Problem with lxml.xpath not putting elements into a list


So here's my problem. I'm trying to use lxml to web scrape a website and get some information but the elements that the information pertains to aren't being found when using the var.xpath command. It's finding the page but after using the xpath it doesn't find anything.

import requests
from lxml import html

def main():
   result = requests.get('https://rocketleague.tracker.network/rocket-league/profile/xbl/ReedyOrange/overview')

   # the root of the tracker website
   page = html.fromstring(result.content)
   print('its getting the element from here', page)
   
   threesRank = page.xpath('//*[@id="app"]/div[2]/div[2]/div/main/div[2]/div[3]/div[1]/div/div/div[1]/div[2]/table/tbody/tr[*]/td[3]/div/div[2]/div[1]/div')
   print('the 3s rank is: ', threesRank)

if __name__ == "__main__":
    main()

OUTPUT:
"D:\Python projects\venv\Scripts\python.exe" "D:/Python projects/main.py"
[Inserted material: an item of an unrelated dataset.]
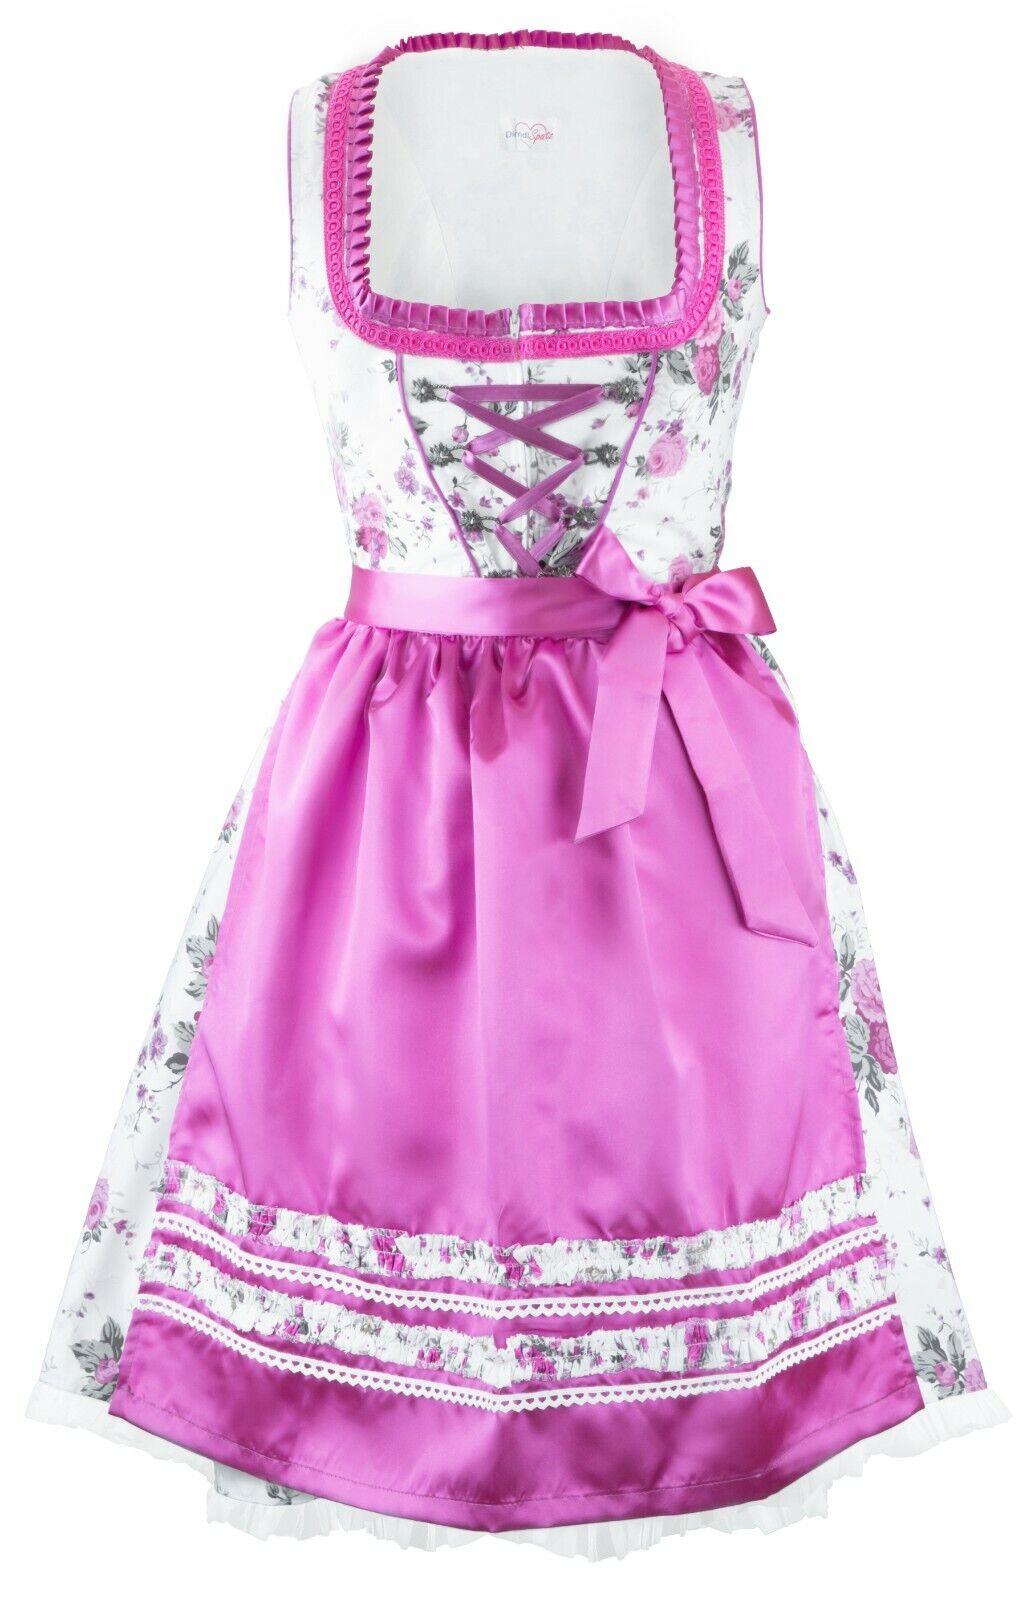 e1928f232b8182 Midi Midi Midi Dirndl 3-teilig Set Mididirndl Trachtenkleid Oktoberfest  Kleid Gr 34 - 54 b7c0b0

its getting the element from here <Element html at 0x20eb01006d0>
the 3s rank is:  []

Process finished with exit code 0

The output next to "the 3s rank is:" should look something like this

[<Element html at 0x20eb01006d0>, <Element html at 0x20eb01006d0>, <Element html at 0x20eb01006d0>]



Solution

  • Because the xpath string does not match, no result set is returned by page.xpath(..). It's difficult to say exactly what you are looking for but considering "threesRank" I assume you are looking for all the table values, ie. ranking and so on.

    You can get a more accurate and self-explanatory xpath using the Chrome Addon "Xpath helper". Usage: enter the site and activate the extension. Hold down the shift key and hoover on the element you are interested in.

    Since the HTML used by tracker.network.com is built dynamically using javascript with BootstrapVue (and Moment/Typeahead/jQuery) there is a big risk the dynamic rendering is producing different results from time to time.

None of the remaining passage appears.